In [1]:
import pandas as pd
import numpy as np
from sklearn.feature_extraction.text import TfidfVectorizer
from sklearn.metrics.pairwise import cosine_similarity
import nltk
import re
import string
import json
nltk.download('stopwords')
from nltk.corpus import stopwords

[nltk_data] Downloading package stopwords to /root/nltk_data...
[nltk_data]   Unzipping corpora/stopwords.zip.


### **LOAD DATASET**

In [2]:
# Load dataset
data_path = "/content/News_Category_Dataset_v3.json"  # Make sure you upload this to Colab

In [3]:
# Load and preprocess
articles = []
with open(data_path, 'r') as f:
    for line in f:
        try:
            articles.append(json.loads(line))
        except json.JSONDecodeError as e:
            print(f"Skipping line due to JSONDecodeError: {e}")
            # Optionally print the problematic line to inspect it:
            # print(f"Problematic line: {line}")
            continue # Skip the problematic line and continue with the next

df = pd.DataFrame(articles)
df = df[['headline', 'short_description', 'category']]
df.dropna(inplace=True)
df['text'] = df['headline'] + " " + df['short_description']

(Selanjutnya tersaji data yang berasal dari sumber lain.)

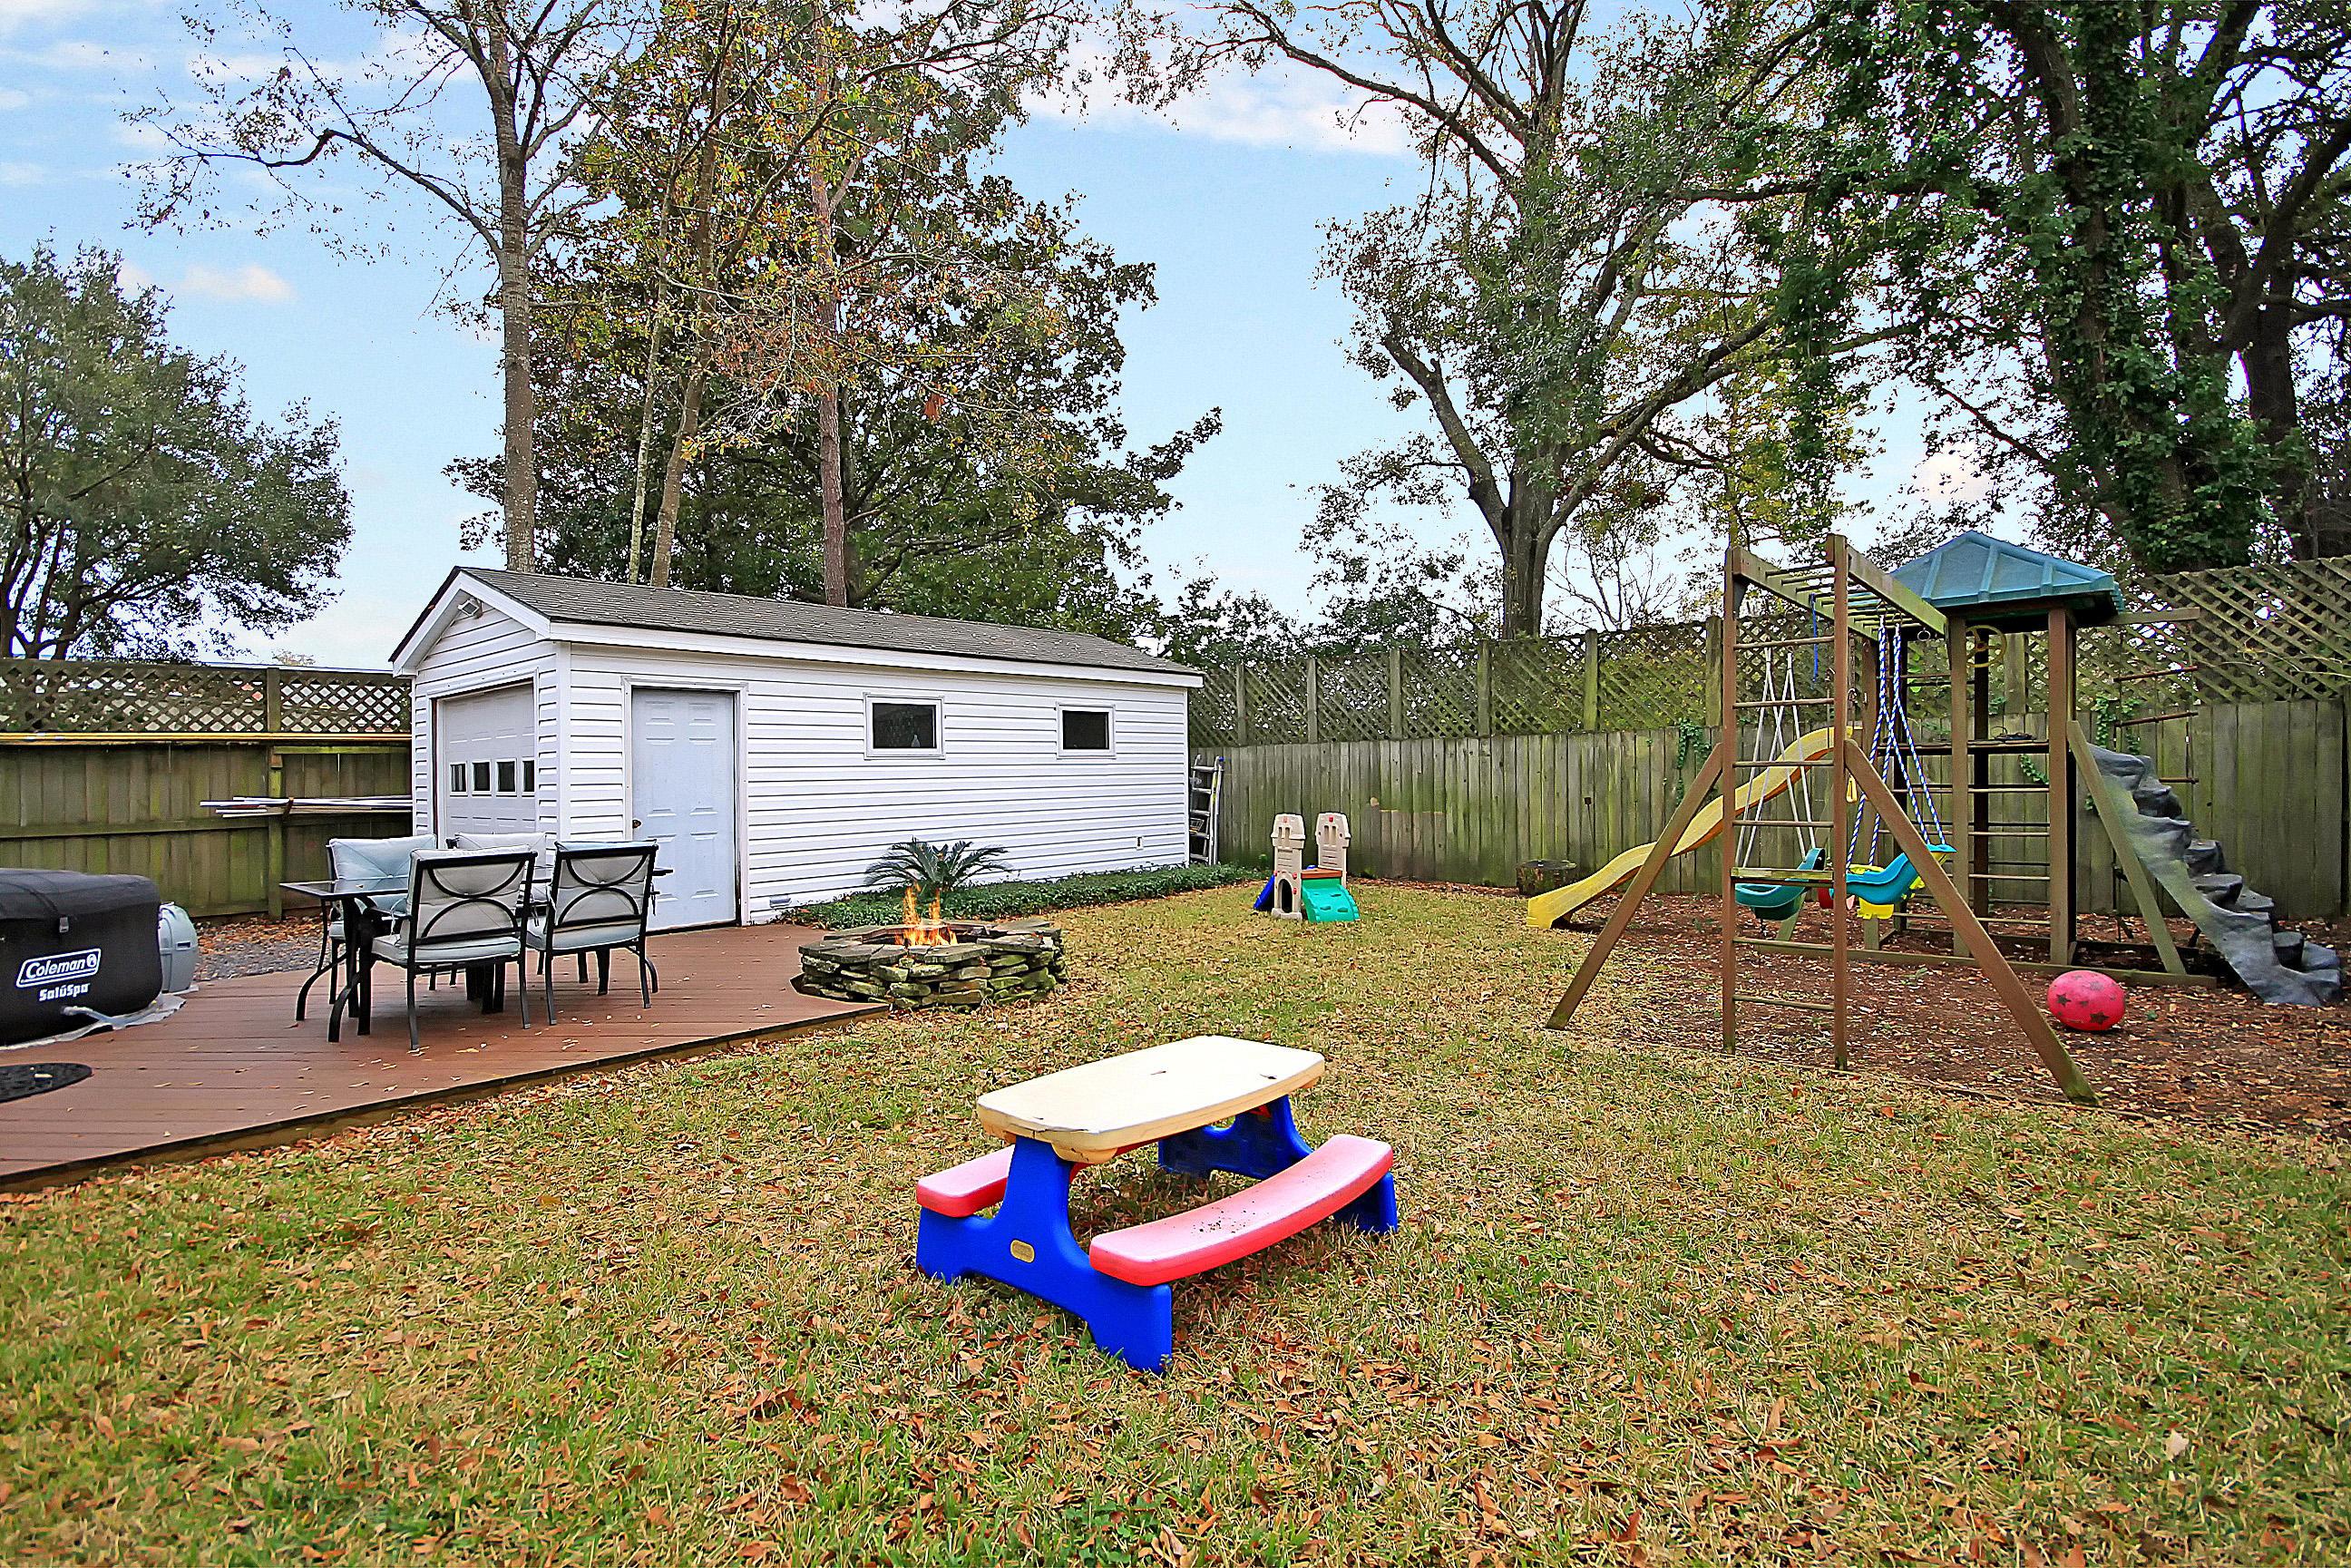 Pinecrest Gardens Homes For Sale - 1607 Pinecrest, Charleston, SC - 26

Skipping line due to JSONDecodeError: Unterminated string starting at: line 1 column 324 (char 323)


In [4]:
# Text preprocessing
def clean_text(text):
    text = text.lower()
    text = re.sub(f"[{string.punctuation}]", "", text)
    tokens = text.split()
    tokens = [t for t in tokens if t not in stopwords.words('english')]
    return " ".join(tokens)

In [5]:
# Ambil sampel 10.000 data untuk efisiensi komputasi
df = df.sample(n=10000, random_state=42).reset_index(drop=True)

df['clean_text'] = df['text'].apply(clean_text)

### Menggunakan TF-IDF

In [11]:
# Vectorize using TF-IDF
vectorizer = TfidfVectorizer(max_features=5000)
tfidf_matrix = vectorizer.fit_transform(df['clean_text'])

# Compute cosine similarity
cosine_sim = cosine_similarity(tfidf_matrix, tfidf_matrix)

In [13]:
# Function to get top-N similar articles
def recommend_articles(idx, cosine_sim=cosine_sim, df=df, top_n=5):
    # Ambil skor similarity untuk artikel ke-idx
    sim_scores = list(enumerate(cosine_sim[idx]))
    # Urutkan berdasarkan skor tertinggi (kecuali dirinya sendiri)
    sim_scores = sorted(sim_scores, key=lambda x: x[1], reverse=True)
    sim_scores = sim_scores[1:top_n+1]  # Skip index 0 (artikel itu sendiri)

    print(f"\n=== Artikel Asli (Index {idx}) ===")
    print(f"Kategori  : {df.iloc[idx]['category']}")
    print(f"Judul     : {df.iloc[idx]['headline']}")
    print(f"Deskripsi : {df.iloc[idx]['short_description']}")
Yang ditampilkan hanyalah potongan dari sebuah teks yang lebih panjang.